Se calculó que el piso de la cueva en el fondo del salón Blanco se encuentra a unos 8 m por debajo del nivel del mar y sin embargo existen las estalagmitas ya descritas se demuestra los niveles del mar durante el pleistoceno.

En dirección opuesta al “salón Blanco”, casi NW a partir del ¨salón de las Claraboyas” la cueva vuelve a descender, totalmente ocupada por el agua. Es necesario bucear de nuevo en sifón como 5 m de profundidad para pasar al “salón de los Cristales”, por presentar bellas estalactitas cristalinas, casi transparentes, de la más pura calcita. Curiosamente numerosas estalactitas muestran su superficie como estriadas horizontalmente, es decir ligeramente “cordadas” como las bautizó Núñez Jiménez y ellas se deben a las huellas de las fluctuaciones del nivel del manto freático; esta forma cordada ya fue observada en las formaciones secundarias de “cueva de La Lechuza”.

El rumbo de esa nueva dirección e casi norte 10o, la cueva sigue a través de un ancho sifón en cuya superficie existe una campana de aire, respirable, sin equipos de escafandra autónoma.

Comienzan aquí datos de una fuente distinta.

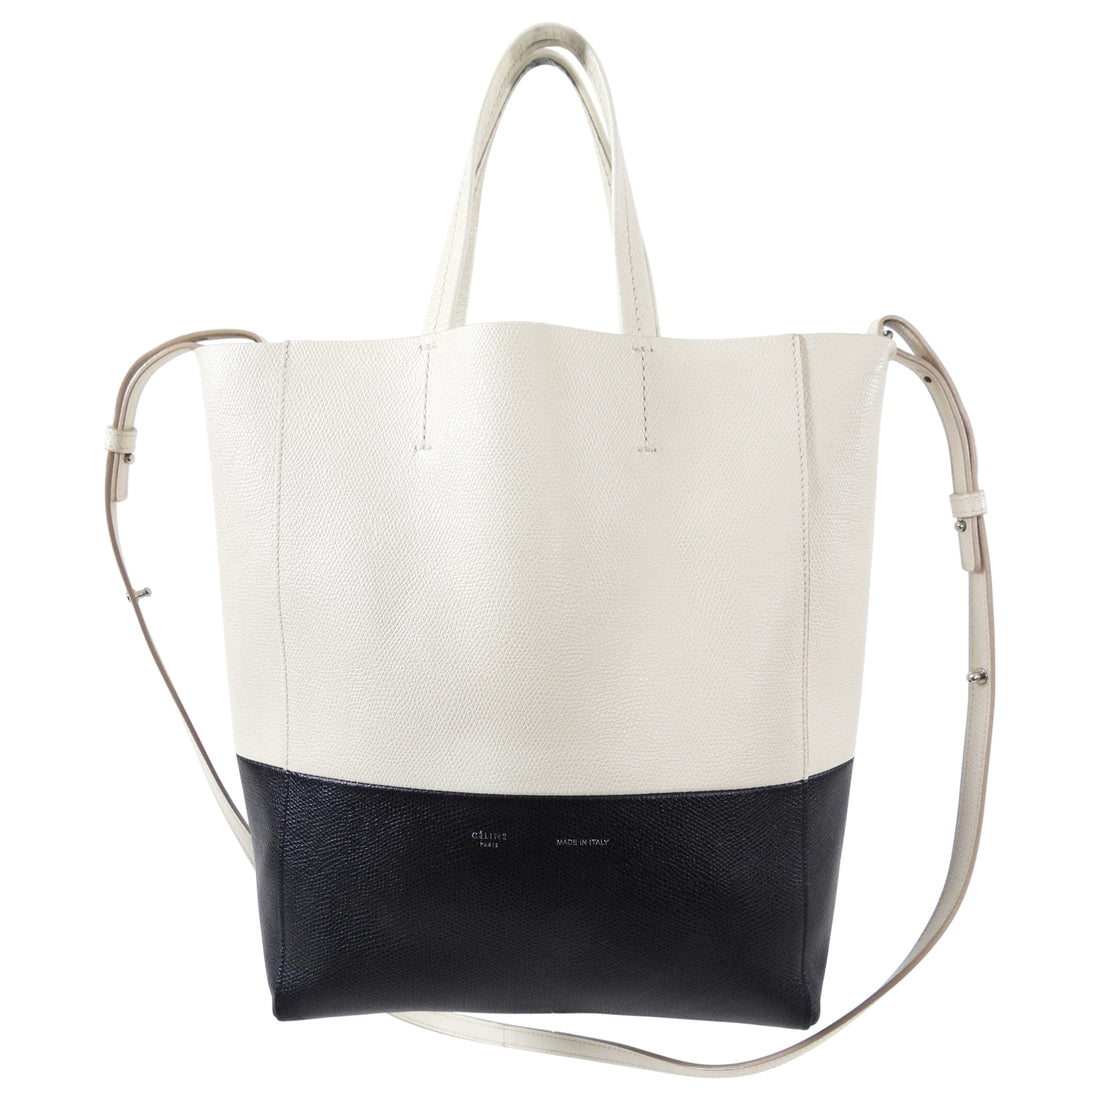 Celine Bicolor Vertical Cabas Small Tote Bag – I MISS YOU VINTAGE
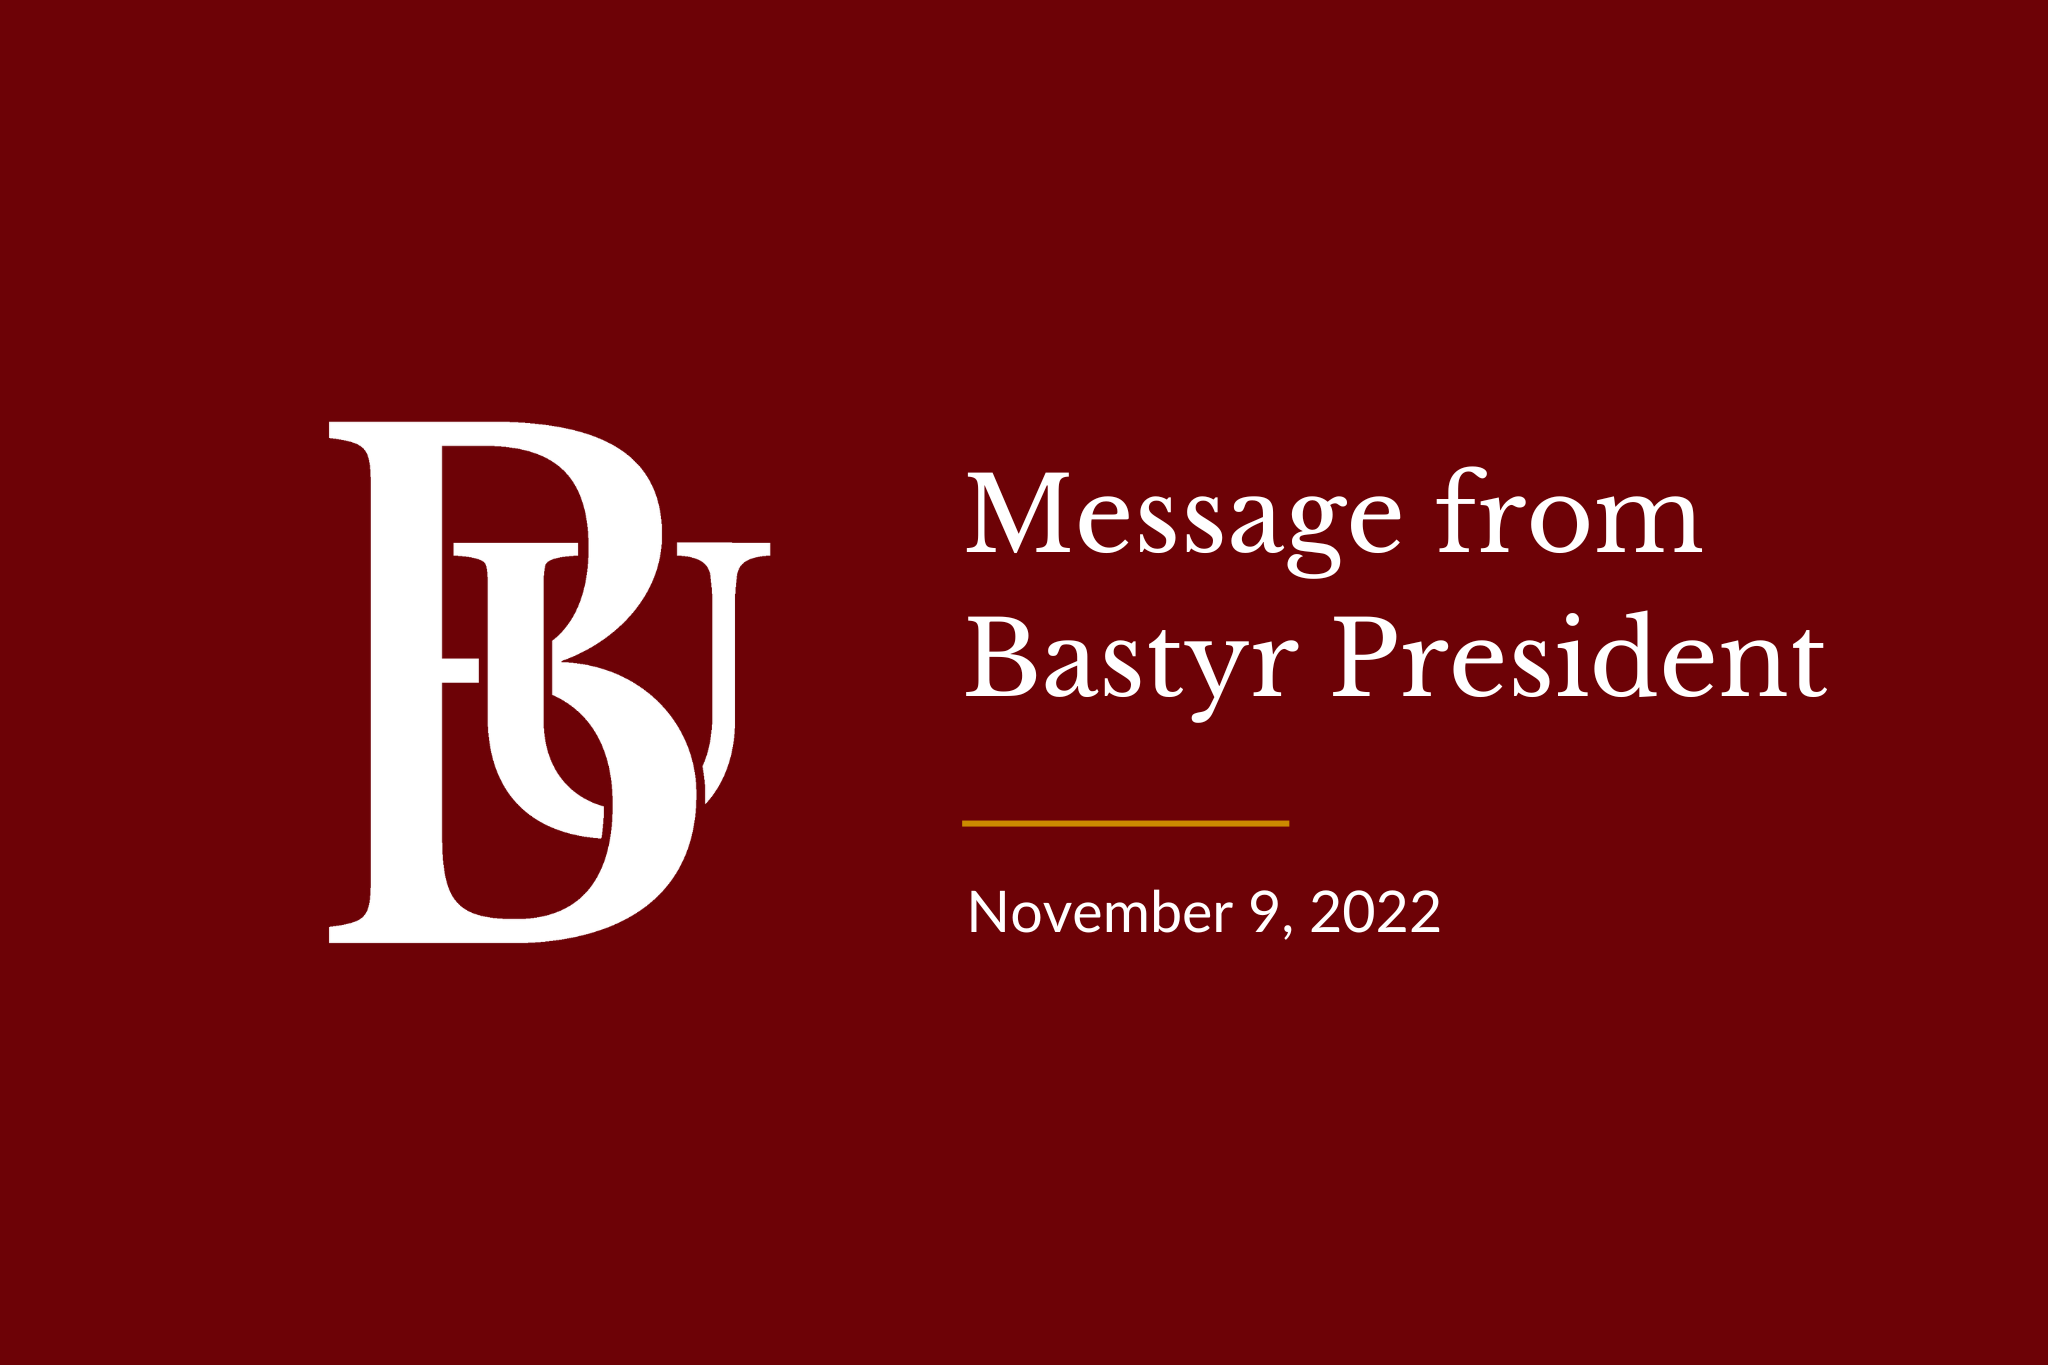 Message from Bastyr President November 9, 2022

A esta parte de la espelunca se le nombró salón del sifón, presenta en su centro el cono de derrumbes con la bóveda de morfología semiesférica, pero sin presentar la claraboya, esto permite suponer que algunas cuevas y salones del sistema subterráneo Aston se encuentran en “rosario”, unidos por sifones y galerías inundadas que dejan libre la comunicación, que aprovecha para su movimiento, la fauna que atesora.

A los lados del cono de derrumbe del “salón del sifón” se observa que dicho cono tiene unos 15 m de altura desde su base hasta la cima, lo que indica que el piso de esta cueva se encuentra 13 m por debajo del nivel del mar. La tierra roja penetra entre sus grietas y se deposita en el fondo de la cueva inundada, en forma de cono.

A 24 m de distancia de la entrada al salón de los Cristales es necesario sumergirse unos 7 m para pasar por una galería de deslumbrante belleza, porque compiten los cristales de las más variadas formas en helictitas a través de ellos nadan lo peces ciegos. Se avanza a través de un bosque de estalagmitas cónicas de aspecto alabastrino. A esta sección se le denominó la “galería de las Helictitas” la más bella de Juanelo Piedra. Se prolonga esta galería y se observan mantos purísimos colgados de sus techos y paredes, la cavidad parece una geoda cuajada de cristales con las formas más fantásticas. Se avanzó en esa galería unos 45 m, hasta que comienza a estrecharse y ante el peligro se retornó.